Of course ,they may eventually change what they do.  It's also possible that even now they do additional things-- like have the browser send the image to them somehow. But right now, it looks like the add on sends the url of the image, not the image itself.

419
Getty Images Letter Forum / Re: NASA? Or Masterfile?
« on: June 14, 2012, 12:40:02 PM »
This kind of reminds me of how Getty licenses historic photos that have fallen into public domain after the copyright has expired after many decades.

Is licensing under those circumstances legit?  I get that someone might store an original and charge people to download copies.  People in crafts do that all the time for old turn of the last century knitting and crochet patterns. A customer who finds their store can pay $2 or hunt around until they find the thing somewhere else. Many will pay for the convenience.  But it would seem odd if the person providing the downloads claimed to issue licenses.  The whole idea of the license seems to presuppose that the person licensing the item owns whatever is licensed!

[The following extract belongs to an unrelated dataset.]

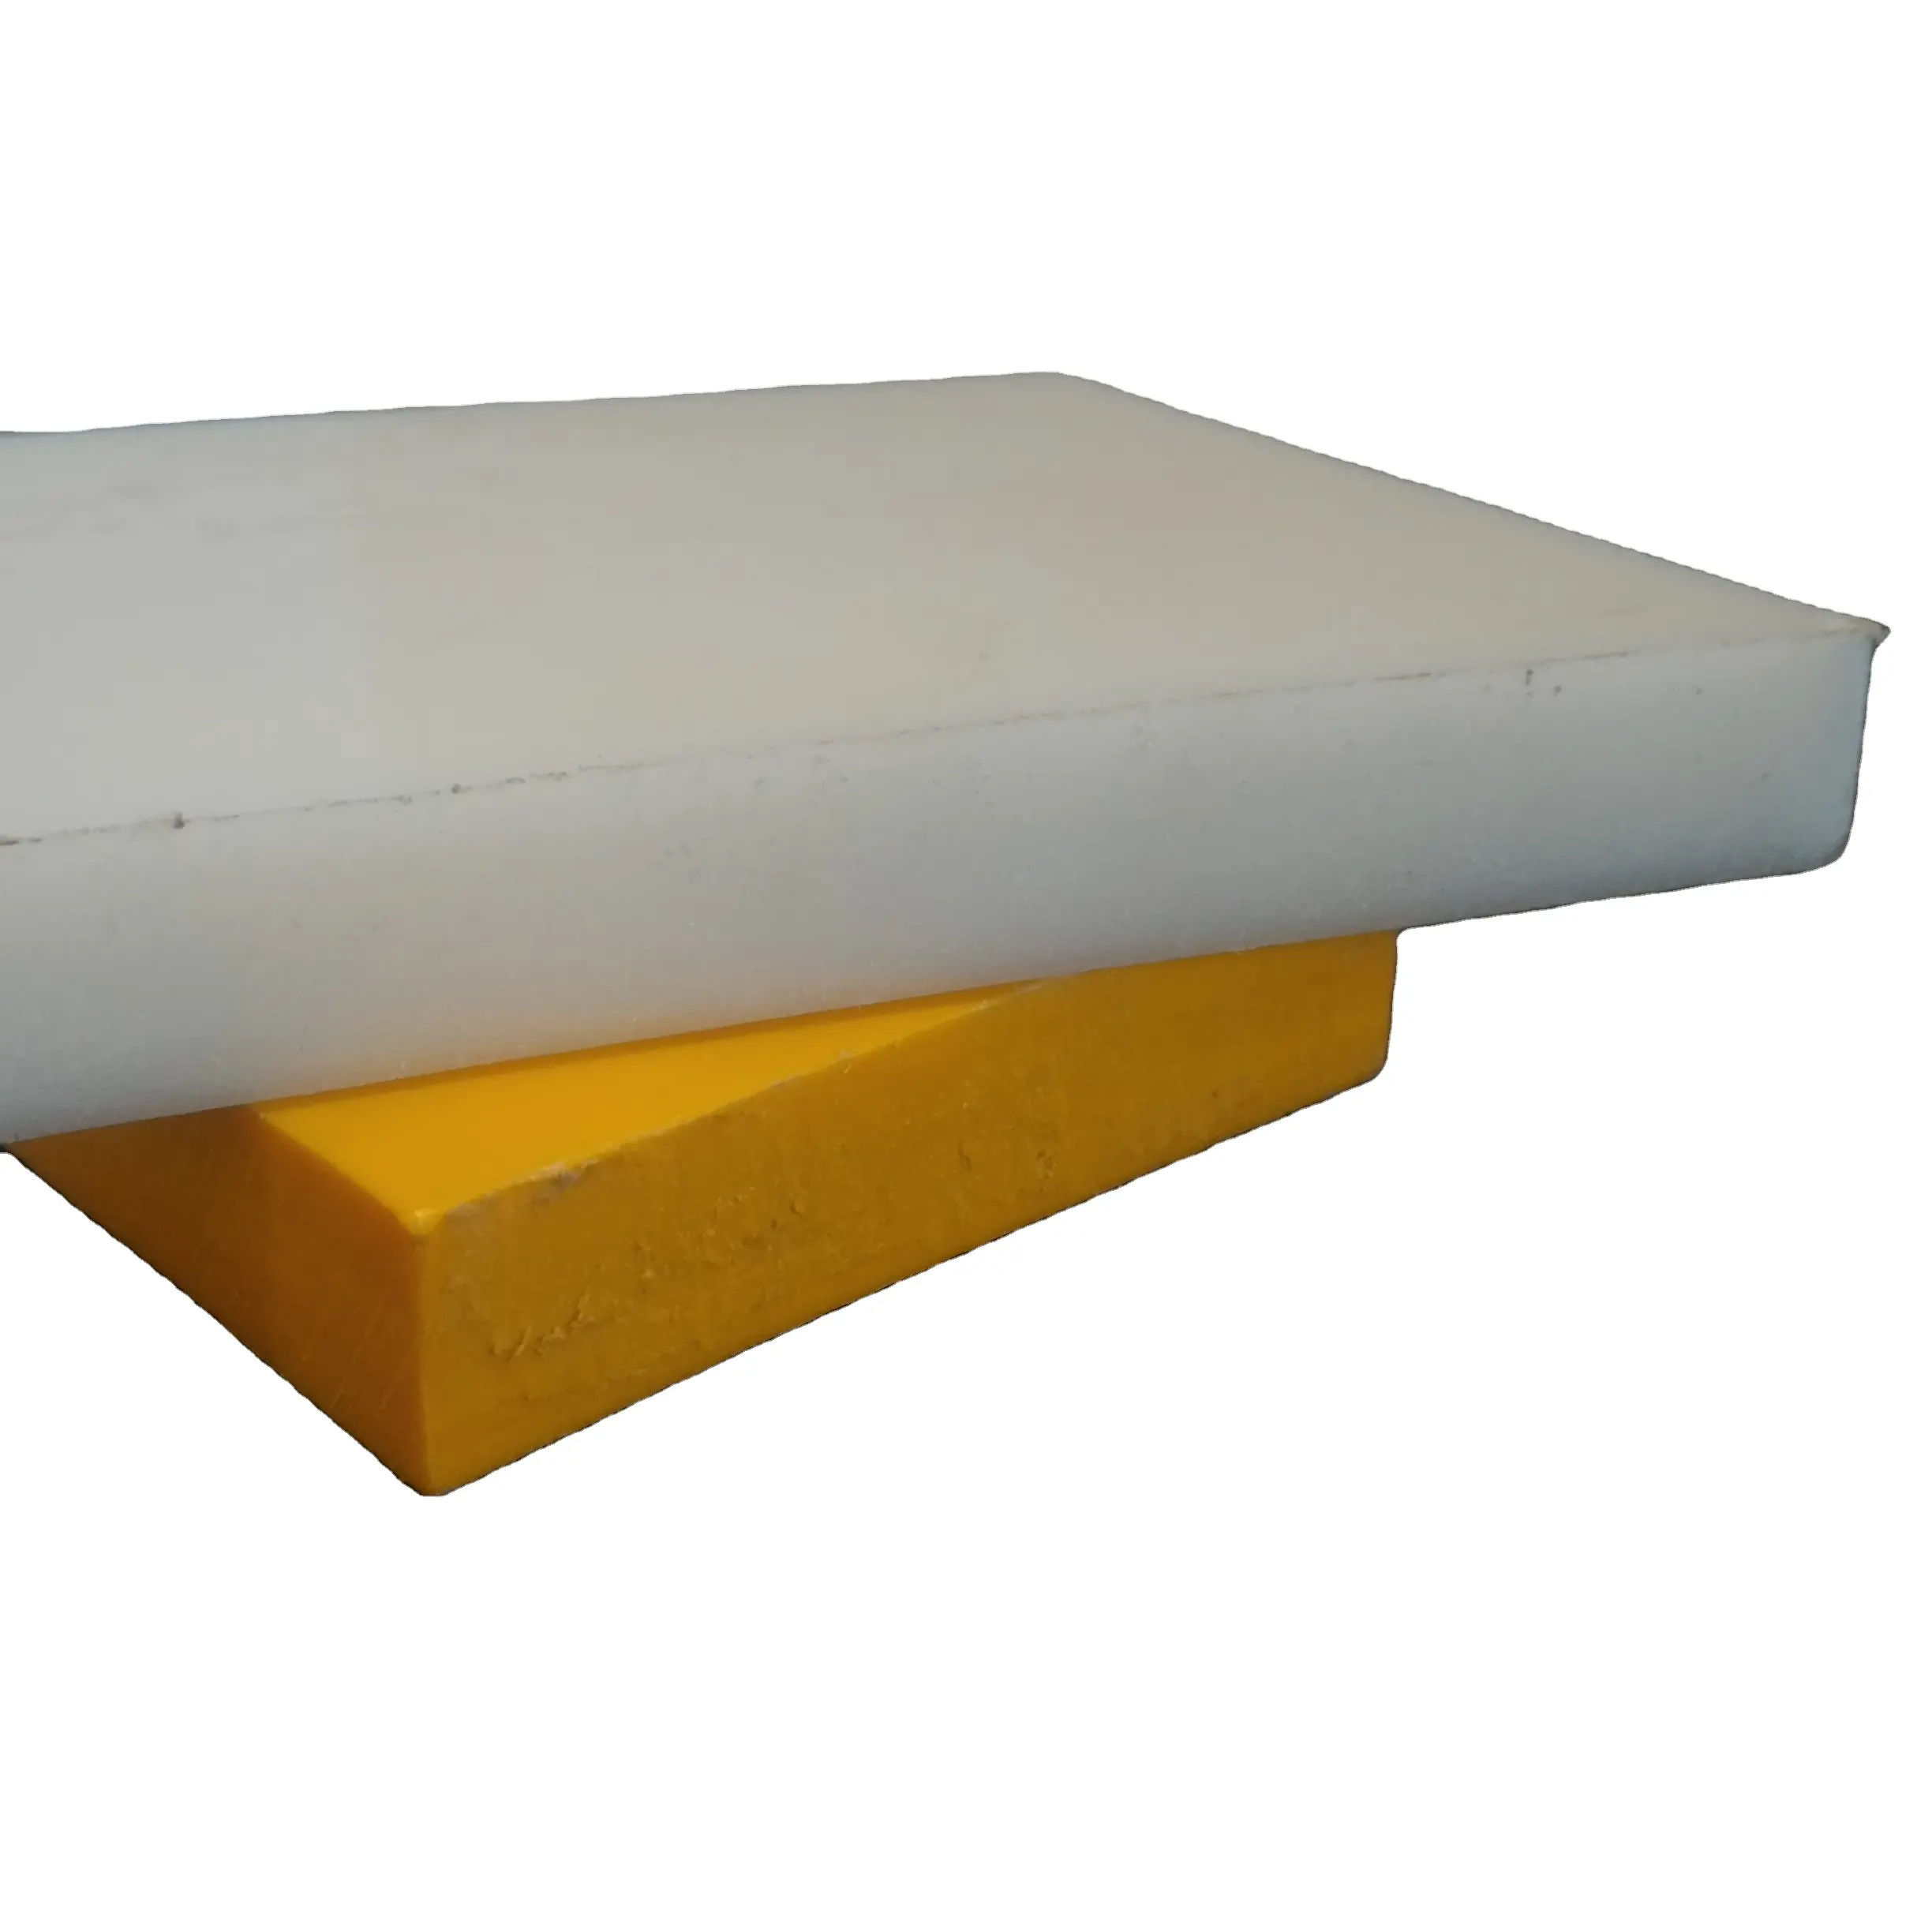 UP lembaran plastik uhmwpe tingkat virgin warna putih 2 sampai 100 mm polimer kuat tebal iso 9001:2015 perusahaan bersertifikat
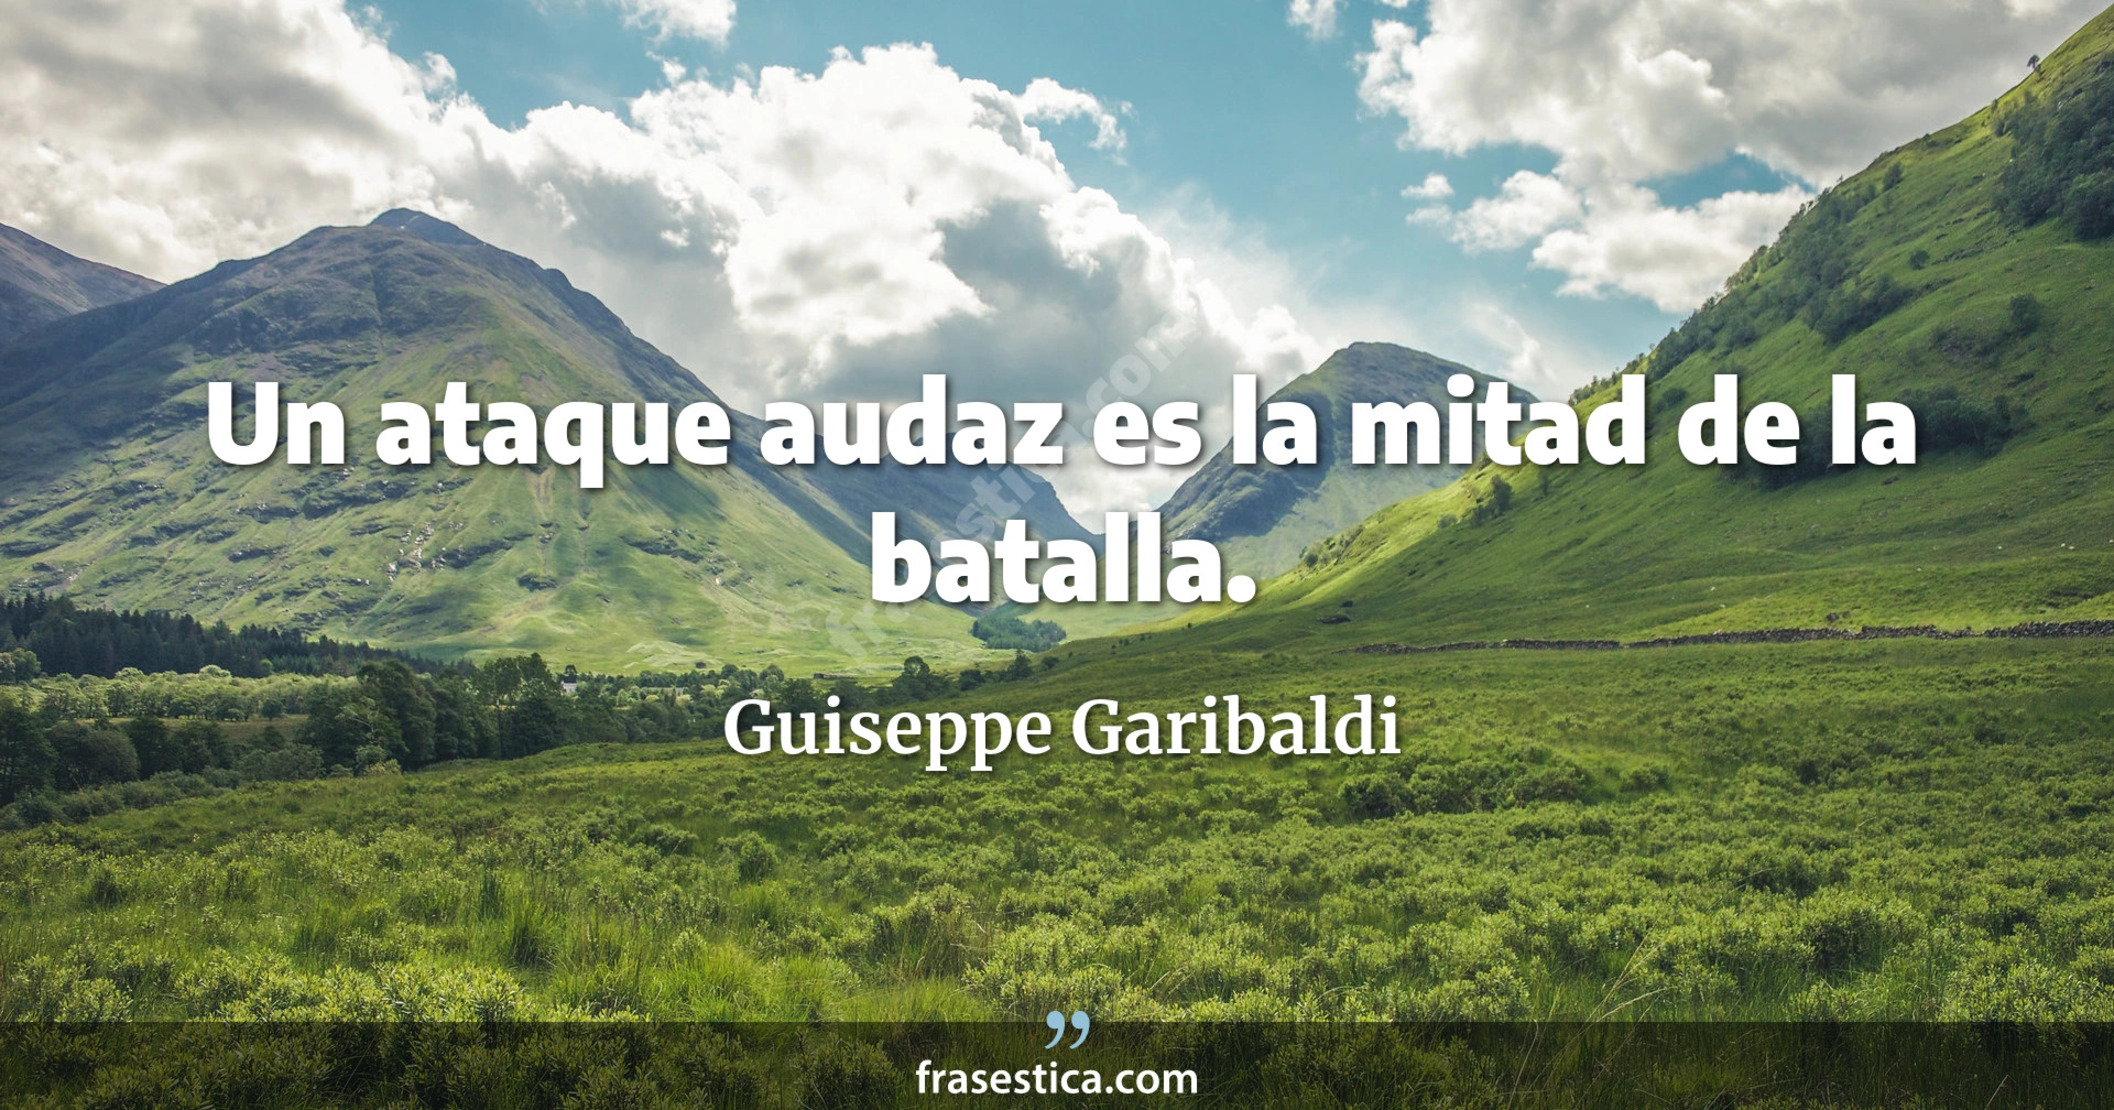 Un ataque audaz es la mitad de la batalla. - Guiseppe Garibaldi

I'm not a legal eagle, so I'm finding this puzzling.

420
Getty Images Letter Forum / NASA? Or Masterfile?
« on: June 14, 2012, 12:04:03 PM »
Can anyone tell me if this image is NASA? Or Masterfile?  Here's the scoop:

With picscout image search activated, I visited a blog that I know nearly always hotlinks (good way to avoid copyright snafus!)  While there I found this image:

http://images.spaceref.com/news/GPM.jpg

Note the image suggests it is from NASA.  The picscout tool suggested this image (or a very similar one) is managed by four groups. One is Masterfile:

http://www.masterfile.com/em/search/#id=&color=&colour_key=0&format=hvsp&keyImage=&keyword=680-02755091n&license=ALL&mode=search&sort=alice
It is evidently a picture of hurricane isabel
http://www.masterfile.com/search/enlarged_pricing.html?img=680-02755091

You can also get it from
http://www.superstock.com/preview.asp?image=1574r-015334
http://www.mediabakery.com/searchresults.asp?image=PUR0024418 (Who is offering licenses for an amount I would dub "a shitwad of money".)
(The other agency had a coding error when I tried to load.)

Now, it seems to me rather likely that an image taken from space could-- quite likely-- be taken by NASA.  Does anyone know how to figure out if this image really belongs to the US taxpayer?   And if so, is there some reason anyone should pay Masterfile, mediabaker or anyone else anything to use these?